The above examples are merely some embodiments of the mushroom-containing Chinese medicine complex composition for keloid scar tissue of the present invention, and are not intended to limit the scope of the invention. Simple equivalent changes and modifications of the spirit or relative components according to the embodiments disclosed in the claims and the detailed description for the Chinese medicine complex composition of the present invention will be understood as covered within the scope of the invention.

Claims

1. A mushroom-containing Chinese medicine complex composition for keloid scar tissue, the mushroom-containing Chinese medicine complex composition comprising: 2 parts by weight of brown strain of Flammulina velutipes extract; 1 part by weight of Artemisinin; 1 part by weight of Matrine; 2 parts by weight of Triptolide; 2 parts by weight of Tetramethylpyrazine; 16 parts by weight of Tetrandrine; 4 parts by weight of Curcumin; 16 parts by weight of Resveratrol; 1 part by weight of Epigallocatechin gallate (EGCG); 2 parts by weight of Quercetin; and 2 parts by weight of Asiaticoside.

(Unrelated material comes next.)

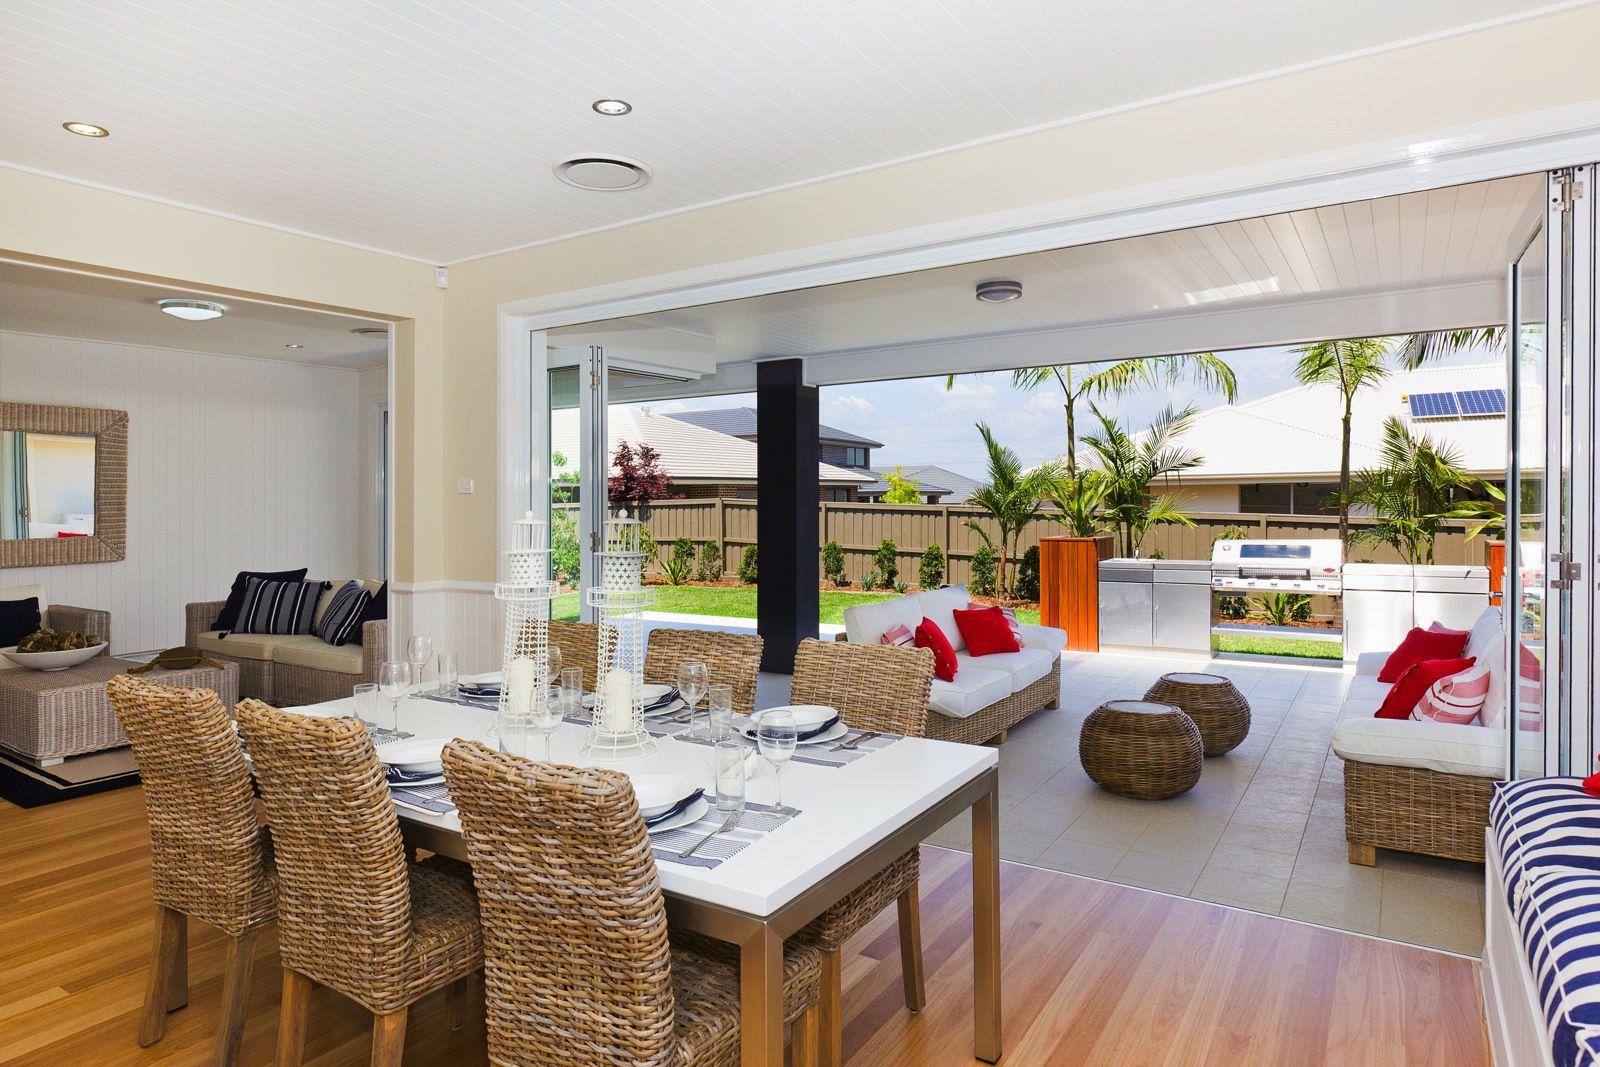 indoor outdoor living - Google Search | Timber flooring ... on Outdoor Living Ltd id=50206

2. The mushroom-containing Chinese medicine complex composition of claim 1, further comprising: 1 part by weight of Tremella fuciformis extract.

3. The mushroom-containing Chinese medicine complex composition of claim 1, wherein the mushroom-containing Chinese medicine complex composition is configured such that a proliferation of keloid fibroblasts is inhibited and an apoptosis of scar tissue cells is promoted, so that hypertrophic scars of keloid scars are treated, inhibited or reduced.

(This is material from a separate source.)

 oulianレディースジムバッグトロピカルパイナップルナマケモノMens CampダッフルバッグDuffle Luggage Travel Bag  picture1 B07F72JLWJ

4. The mushroom-containing Chinese medicine complex composition of claim 2, wherein the mushroom-containing Chinese medicine complex composition is configured such that a proliferation of keloid fibroblasts is inhibited and an apoptosis of scar tissue cells is promoted, so that hypertrophic scars of keloid scars are treated, inhibited or reduced.

5. The mushroom-containing Chinese medicine complex composition of claim 1, wherein the mushroom-containing Chinese medicine complex composition is prepared in a form of ointment, colloid, gel, solution, emulsion, patch or spray.

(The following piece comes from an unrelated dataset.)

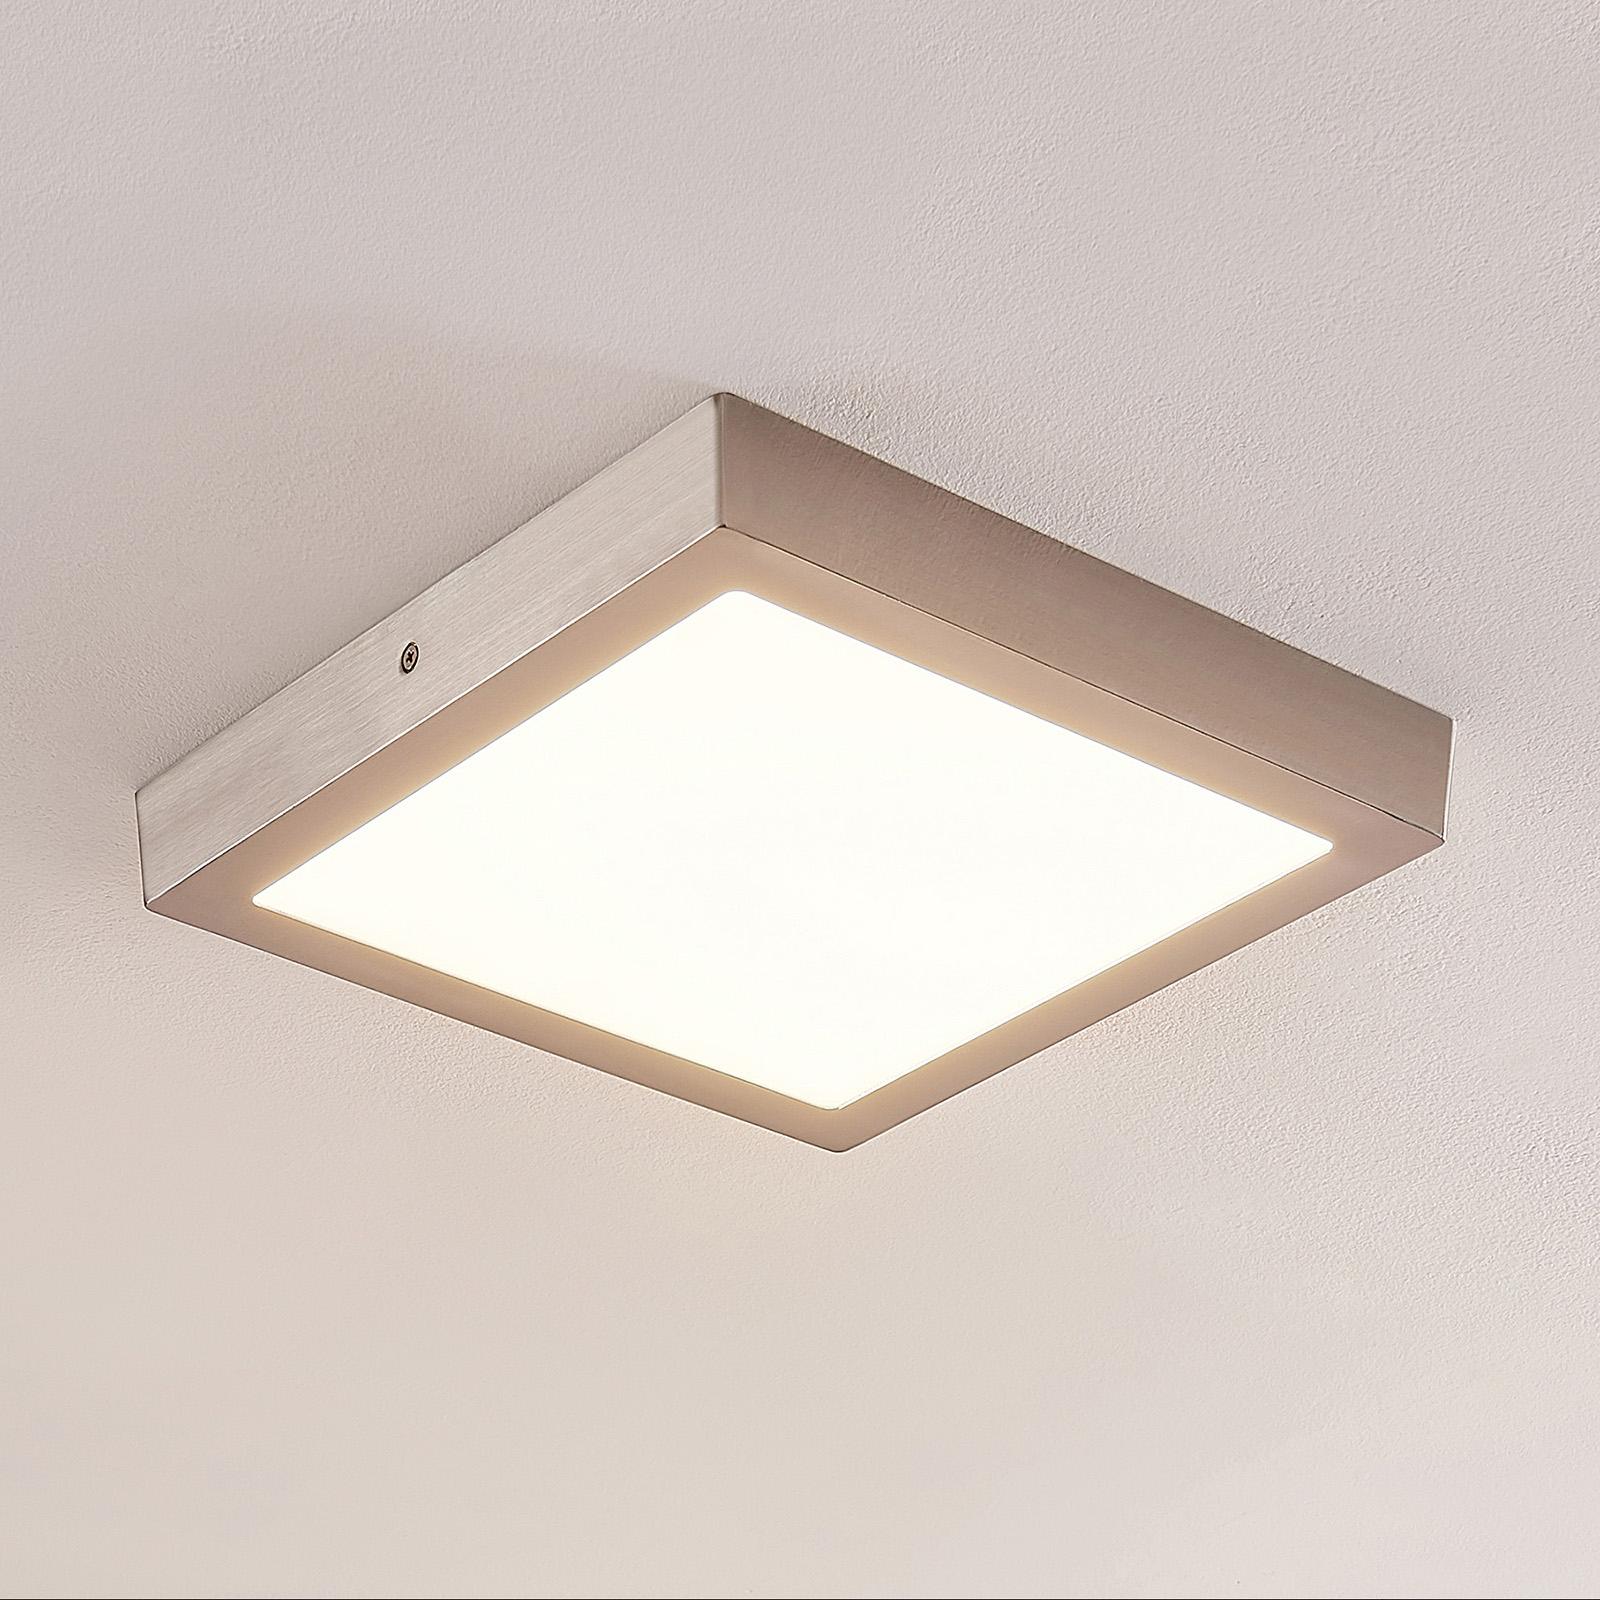 ELC Merina LED-kattovalaisin nikkeli, 30 x 30 cm

6. The mushroom-containing Chinese medicine complex composition of claim 2, wherein the mushroom-containing Chinese medicine complex composition is prepared in a form of ointment, colloid, gel, solution, emulsion, patch or spray.

7. A use of the mushroom-containing Chinese medicine complex composition according to claim 1 for preparing a drug that promotes apoptosis of scar tissue, produces tissue reconstitution, and reduces scar proliferation.

8. A use of the mushroom-containing Chinese medicine complex composition according to claim 2 for preparing a drug that promotes apoptosis of scar tissue, produces tissue reconstitution, and reduces scar proliferation.

9. A use of the mushroom-containing Chinese medicine complex composition according to claim 1 for preparing a drug for treating, inhibiting or reducing keloid scars.

10. A use of the mushroom-containing Chinese medicine complex composition according to claim 2 for preparing a drug for treating, inhibiting or reducing keloid scars.